Would you believe my gp offered me some t3 last week. Apparently only one other at the surgery has been prescribed it.

I do have some as you know from other post but just too frightened of trying it nd upsetting things more, esp now my tsh has shot up!

I have a phone appt with him tomos morning. Am wondering if t3 is the way to go now but how would dose be calculated cus my results show high tsh and high rt3.

You have hashis as well? Did u have regular fluctuations in your levels? How did you get yours right? Were your levels similar to mine...all over the place? At what point did you say sod it and try t3?

Clutter profile image
Clutter in reply to Jefner

Jefner,

10mcg T3 is equivalent to 30mcg Levothyroxine. You could start with 10mcg added to 125mcg Levothyroxine. Probably best to divide T3 into 2 x 5mcg doses and take the first with Levothyroxine and the secon 8-12 hours later.

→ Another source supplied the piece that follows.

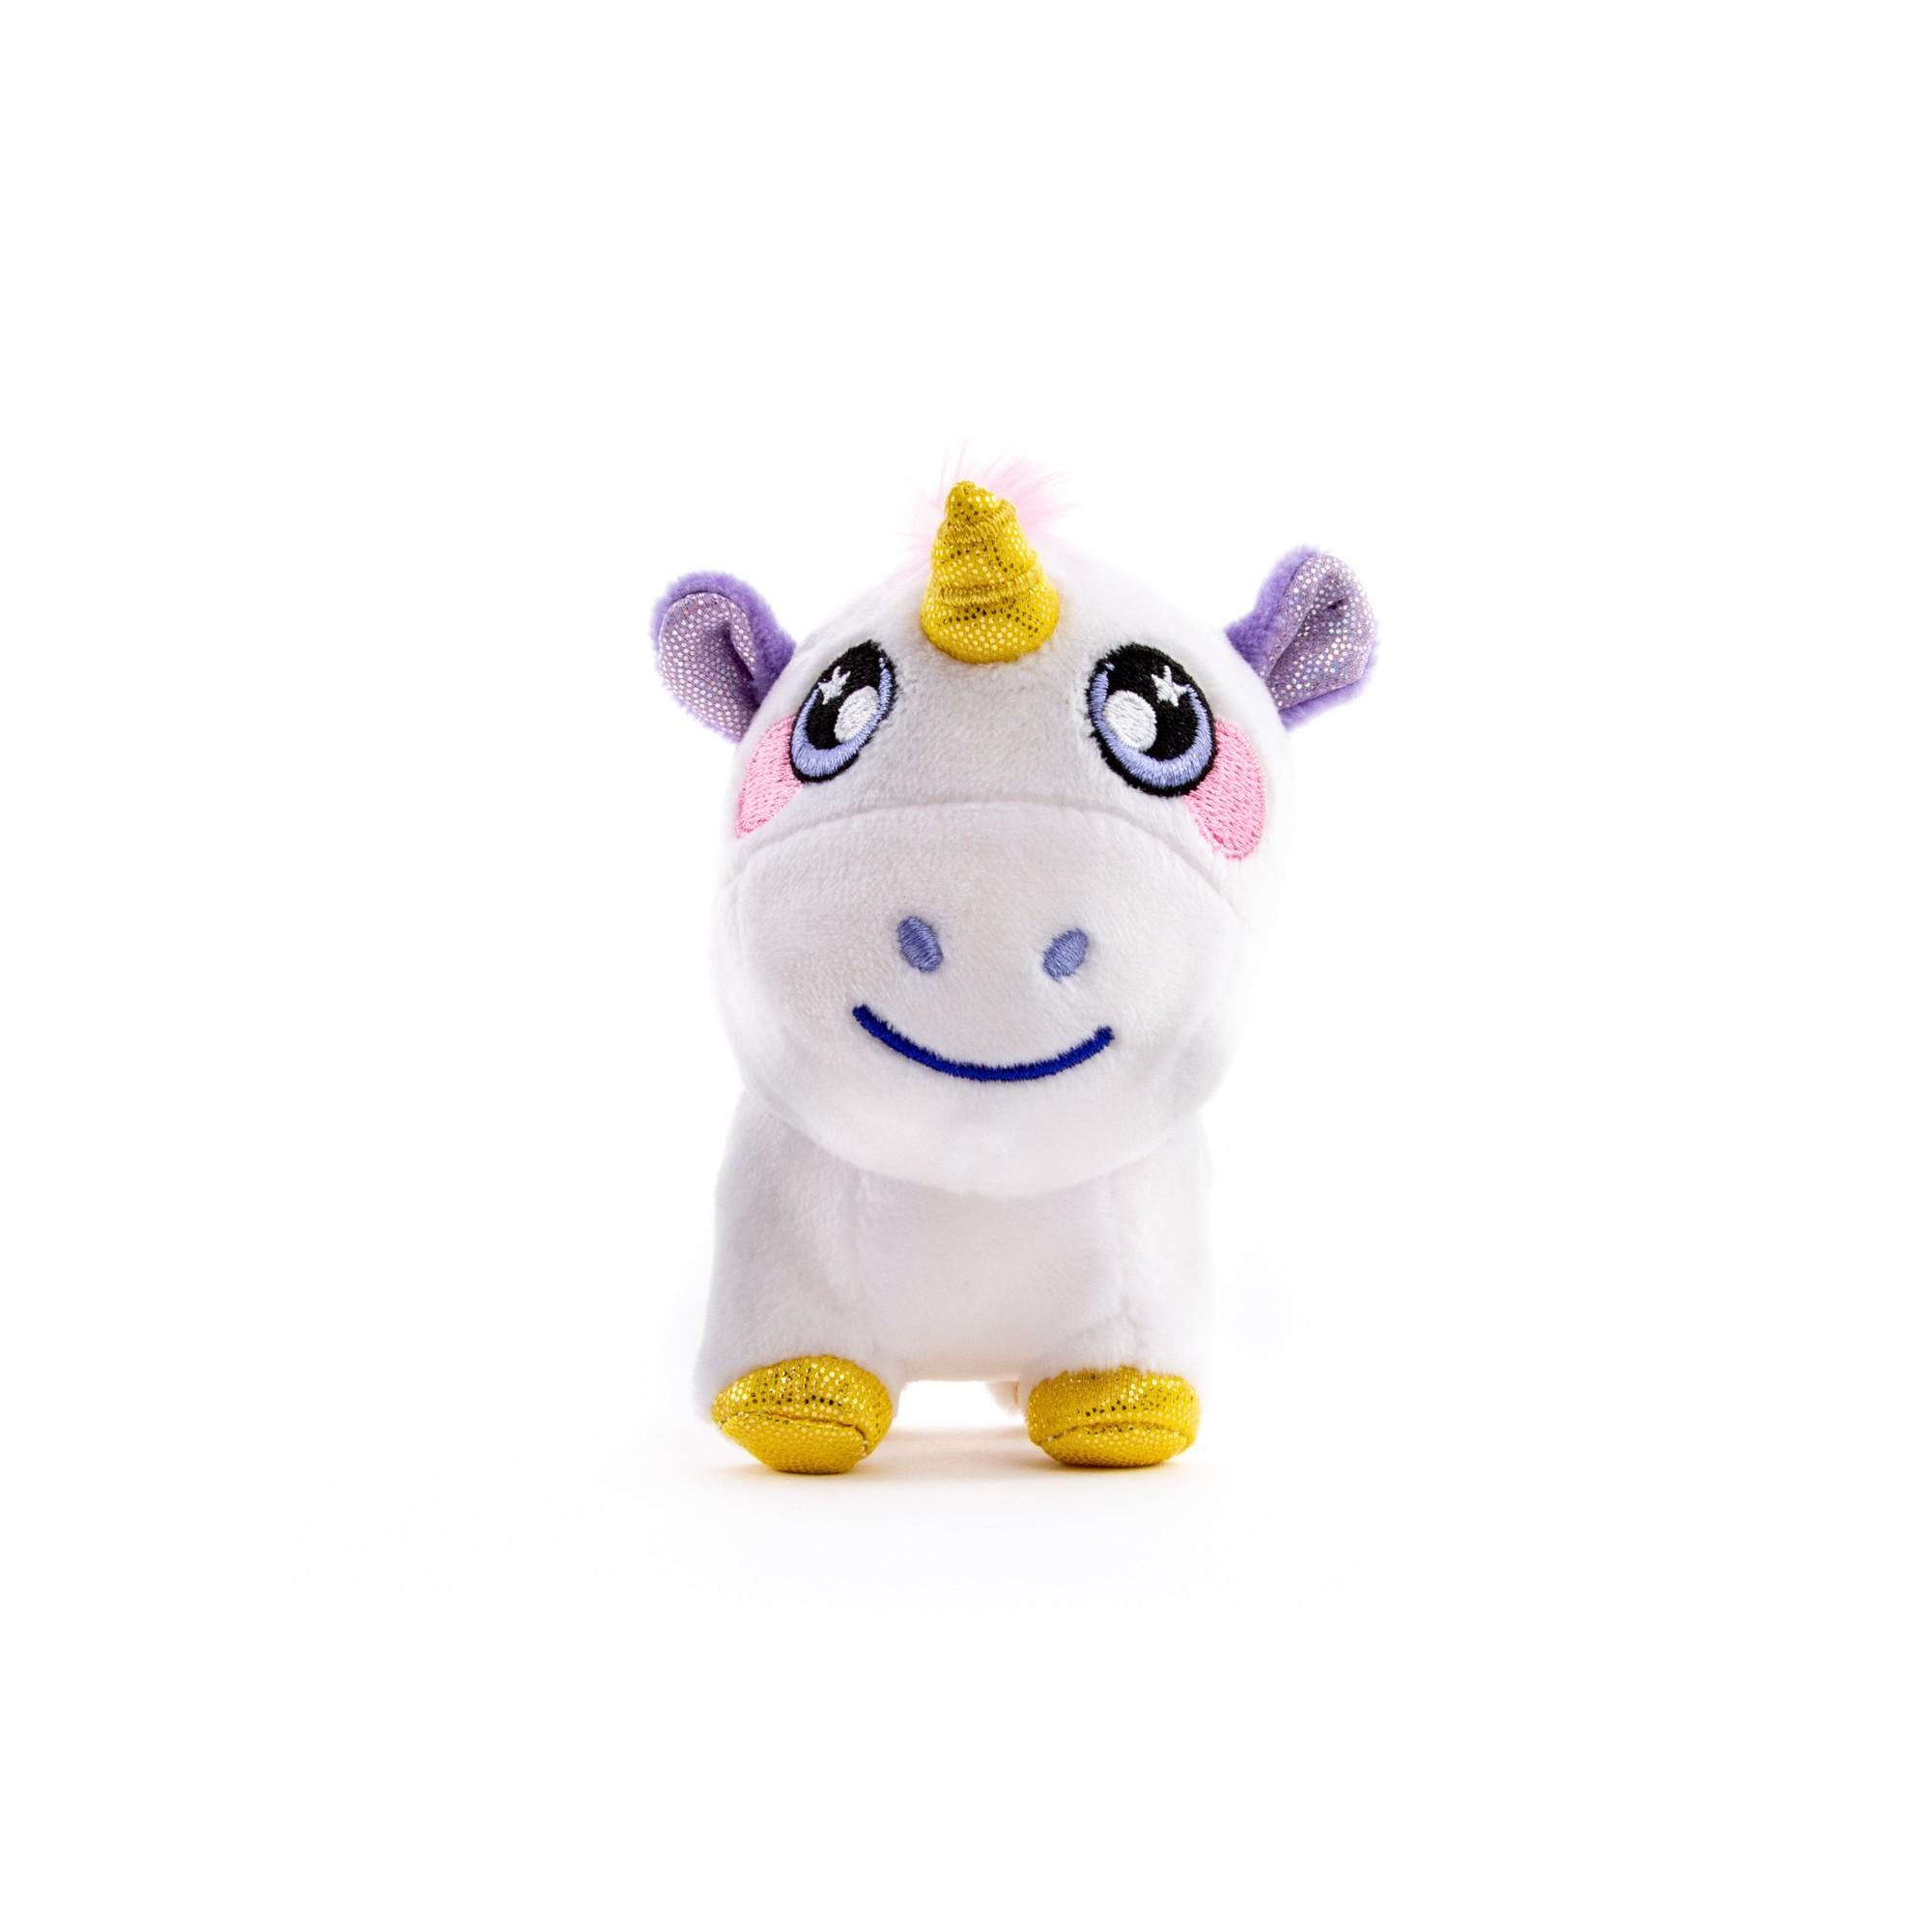 Squeezamals 3Deez Slow-Rise Foam Stuffed Animal (Unicorn-Nana) $3.88 & More + Free Shipping w/ Walmart+ or FS on $35+

I did have Hashi's and the fluctuations made me very unwell but Hashi's cleared when I had thyroidectomy. My problems post thyroidectomy were due to intolerance to Levothyroxine and over medication by my oncologist. It was 15 months before I started self medicating T4+T3 and took almost six months to optimise doses.

Jefner profile image
Jefner in reply to Clutter

My ultrasound on thyroid last month revealed i have very little left, only 2cm on one side and barely detectable on the other side.

When we spoke about t3 last time u suggested one small dose of 6.25 initially.

Could it be the hashis causing all my fluctuations or that i have tweaked my levo so much this yr?

Clutter profile image
Clutter in reply to Jefner

Jefner,

Could be Hashi's causing fluctuations but the reductions in dose were too much too. If you've hardly any functioning thyroid gland 75/100mcg is insufficient as shown by your high TSH.

I didn't know TSH was 15.70 when I suggested 6.25mcg T3. 2 x 5mcg is still a small dose. If you are anxious about side effects start with 5mcg and increase to 10mcg a week later.

Jefner profile image
Jefner in reply to Clutter

Yeah i know hun cus latest test only came through beginning of month.

As regards taking my levo at night, i had todays dose around 8-9am. What is a safe time tonight to take it, even if i have to set my alarm thru the night?

Clutter profile image
Clutter in reply to Jefner

Jefner,

It'll be safe to take it whatever time you go to bed. There's no need to wake yourself up to take it.

Jefner profile image
Jefner in reply to Clutter

Wasnt sure that i would need to leave a certain amount if hrs between doses.

From your long experience on here, with someone in my situation, have you come across many members who have benefitted greatly by adding t3?

Clutter profile image
Clutter in reply to Jefner

Jefner,

Most people with low FT3 benefit when T3 is added. I've only come across two or three members who haven't been able to tolerate T3.

Jefner profile image
Jefner in reply to Clutter

I will mention t3 to doc tomos and get some whilst he is offering it!

Should i stay on 125 and add a tiny amount of t3 later in the day cus i dont want it affecting my high cortisol levels?

Clutter profile image
Clutter in reply to Jefner

Jefner,

Why would T3 affect cortisol levels any more than Levothyroxine does?

You can take it any time of day as long as you take it away from food and drink and supplements and meds. Try taking it with your Levothyroxine dose at night. If it disturbs sleep take it late afternoon or earlier.

Jefner profile image
Jefner in reply to Clutter

Cus t3 is a stimulant isnt it?

Clutter profile image
Clutter in reply to Jefner

Jefner,

No! T4 and T3 are thyroid hormones and Levothyroxine (T4) and Liothyronine (T3) are thyroid hormone replacement.